Ellen Auerbach
Ellen Auerbach was born Ellen Rosenberg in Karlsruhe on May 20, 1906, and studied there at the Badische Landeskunstschule from 1924 to 1927. In 1928 she moved to the Kunstgewerbeschule in Stuttgart before going to Berlin in 1929 to take lessons with the photographer Walter Peterhans. Through him she met Grete Stern, with whom she opened the photo studio ringl + pit in 1930. The two photographers successfully established themselves in portrait and commercial photography. Ellen Rosenberg also made the acquaintance of her future husband, the stage designer Walter Auerbach, in Berlin.
As early as 1933, she emigrated to Palestine, where in 1934 she opened the photo studio Ishon (Eyeball) with Liselotte Grschebina, specializing in children's portraits. After a failed attempt to settle in London in 1936, she married Walter Auerbach in 1937, with whom she succeeded in further emigration to the USA. From 1939 to 1940, the couple lived in Philadelphia, where Ellen Auerbach worked as a photographer for a private art collection. During this time they were able to produce experimental photographic studies and learn the technique of carbro printing. From 1939 to 1955 she frequently stayed on Great Spruce Head Island (Maine) and created numerous photographic works here, without commission, on her own. In 1945 she separated from Walter Auerbach and after 1946 worked at the Menninger School of Psychiatry in Topeka, Kansas, where she used film and photography to document behavioral studies of children and infants. In 1954 she taught photography at the Junior College of Arts & Crafts in Trenton, New Jersey, among other positions, before embarking on a four-month trip to Mexico in 1955 with Eliot Porter to photograph churches. Ellen Auerbach made numerous other trips, including to Mallorca, Argentina, Greece, and Norway, making travel and street impressions an important part of her photographic oeuvre. From 1965 to 1984, she worked as a therapist for children with learning disabilities at the Educational Institute for Learning and Researching in New York and hardly ever took photographs.
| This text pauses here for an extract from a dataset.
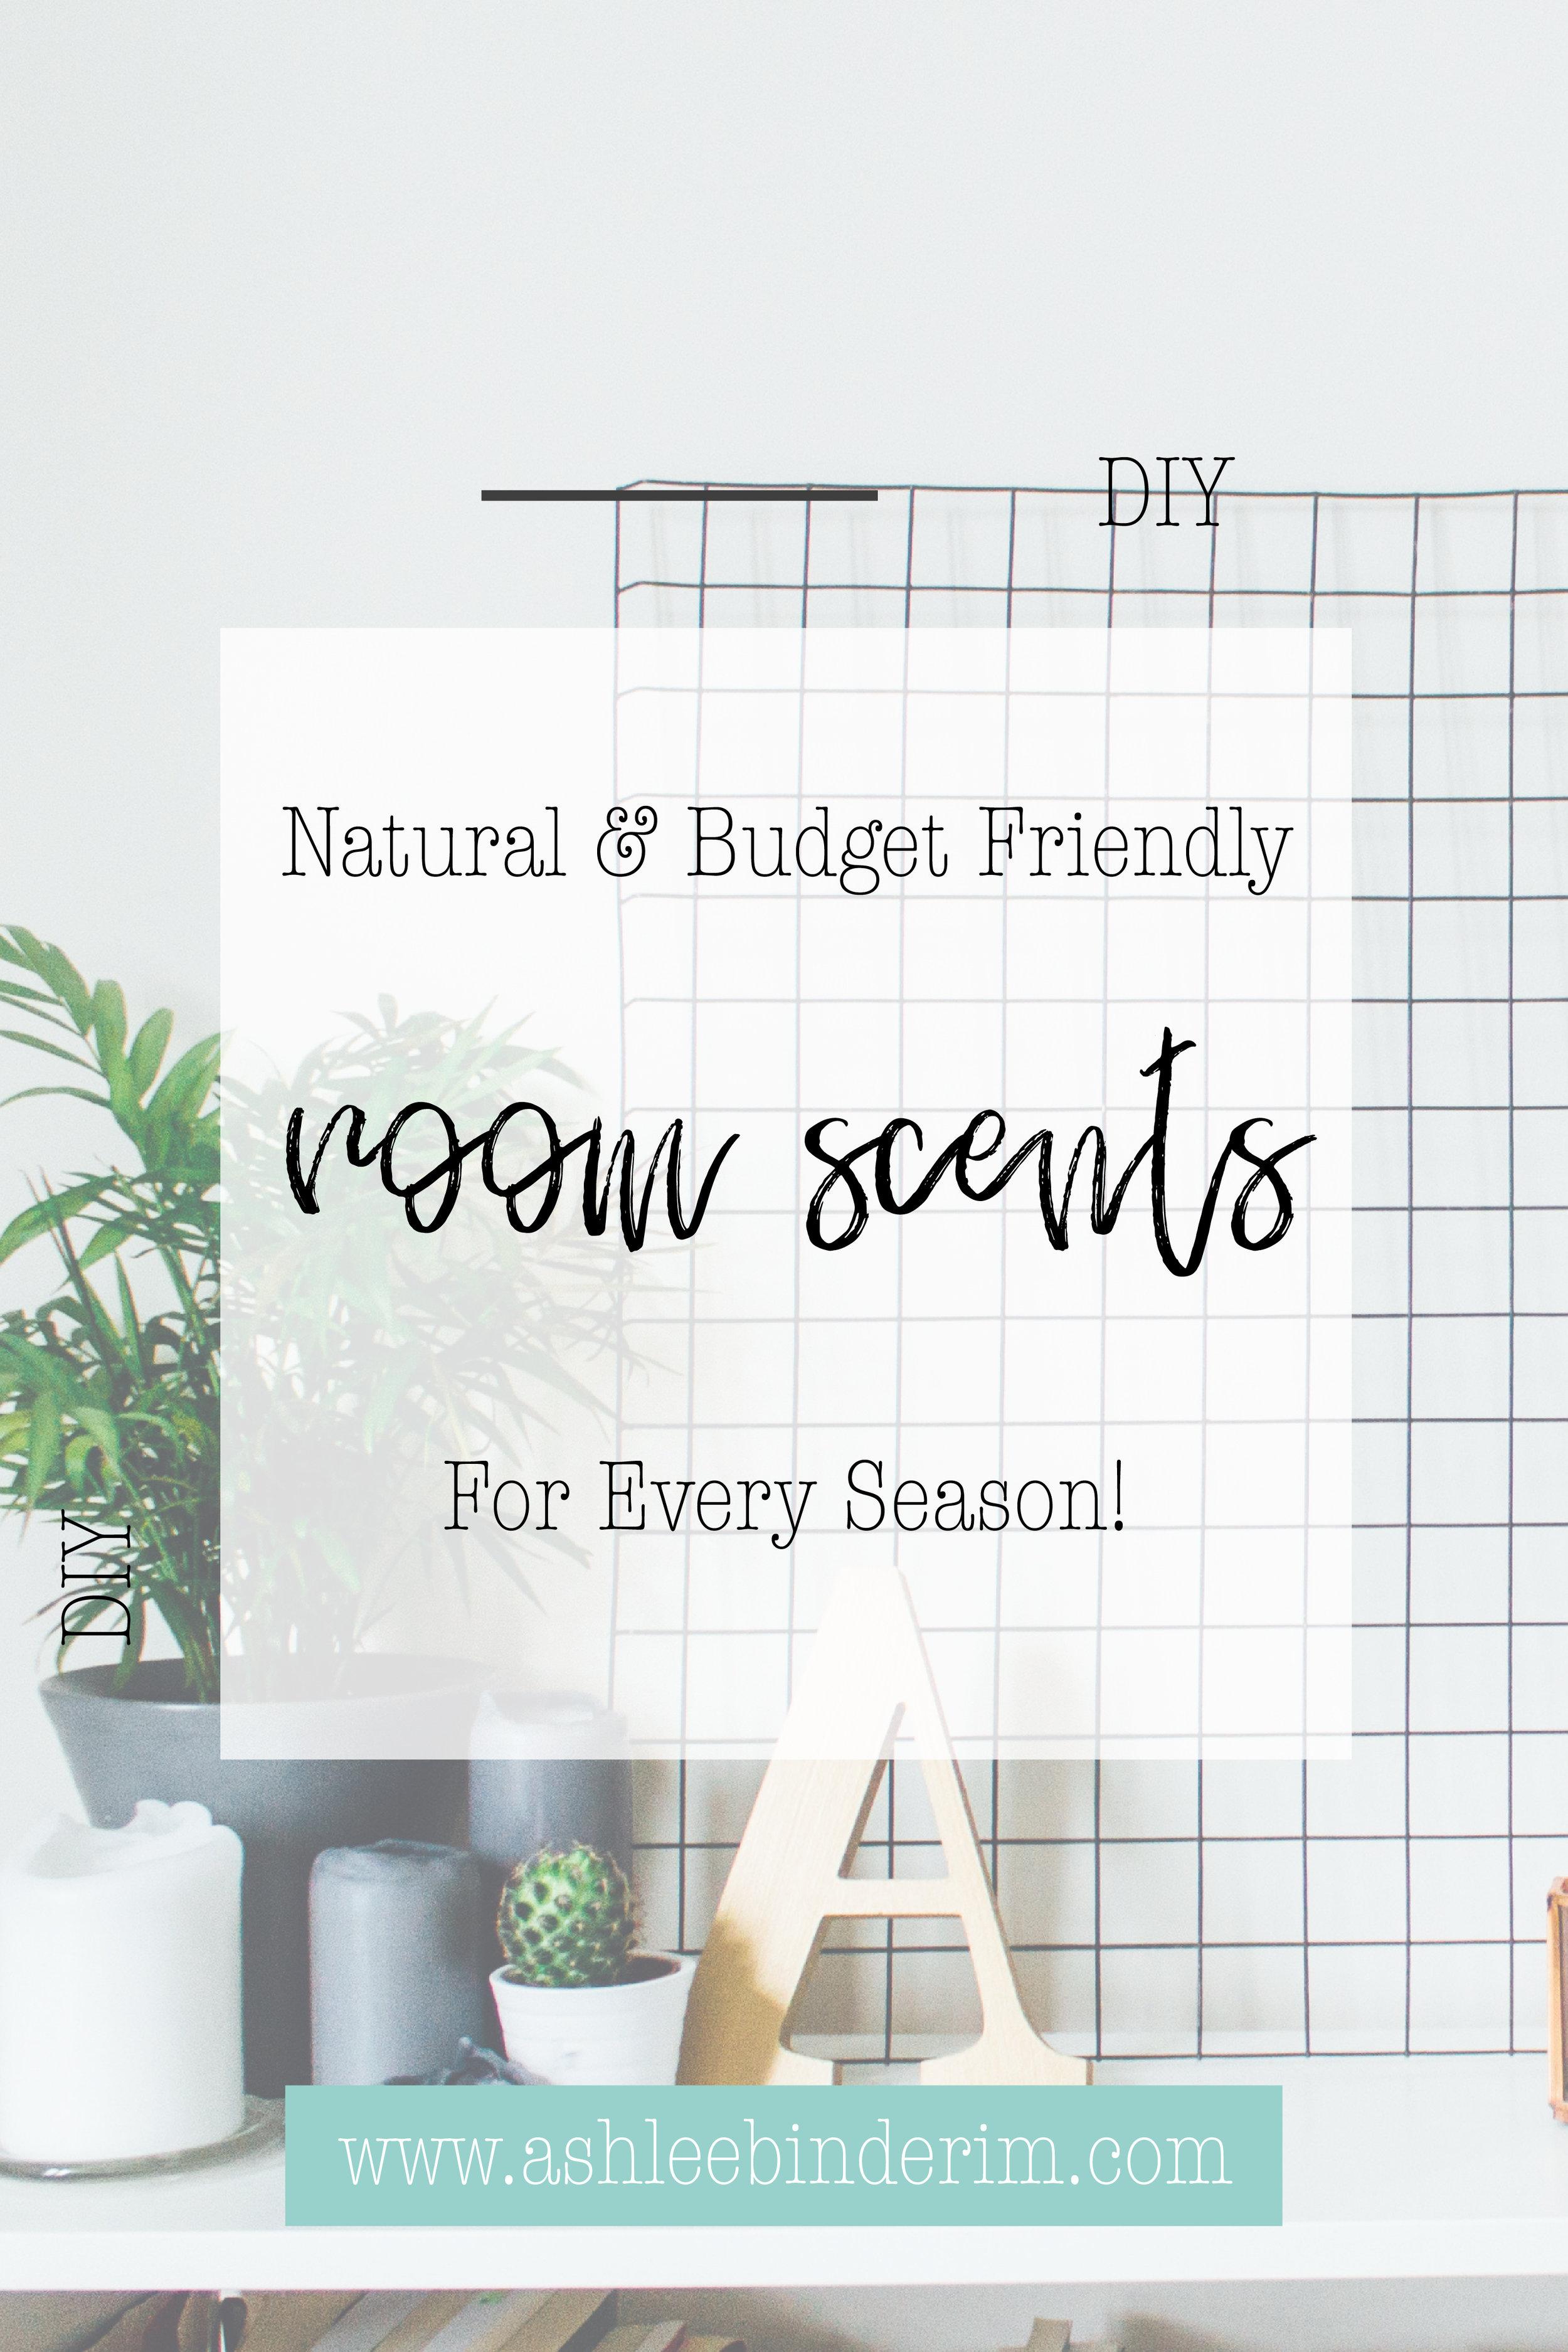 DIY Natural Room Scents

Her photographic work, primarily from the Weimar Republic period, was rediscovered beginning in the late 1970s, and a series of group exhibitions followed in the United States and Germany. In 1998, the Akademie der Künste, Berlin, organized the exhibition The Photographer Ellen Auerbach. Retrospective. In the same year, Ellen Auerbach donated a large part of her photographic oeuvre to the Akademie der Künste and endowed the Ellen Auerbach Fellowship for Photography, which is awarded by the Akademie every two years.
Ellen Auerbach passed away on July 30, 2004 in New York City.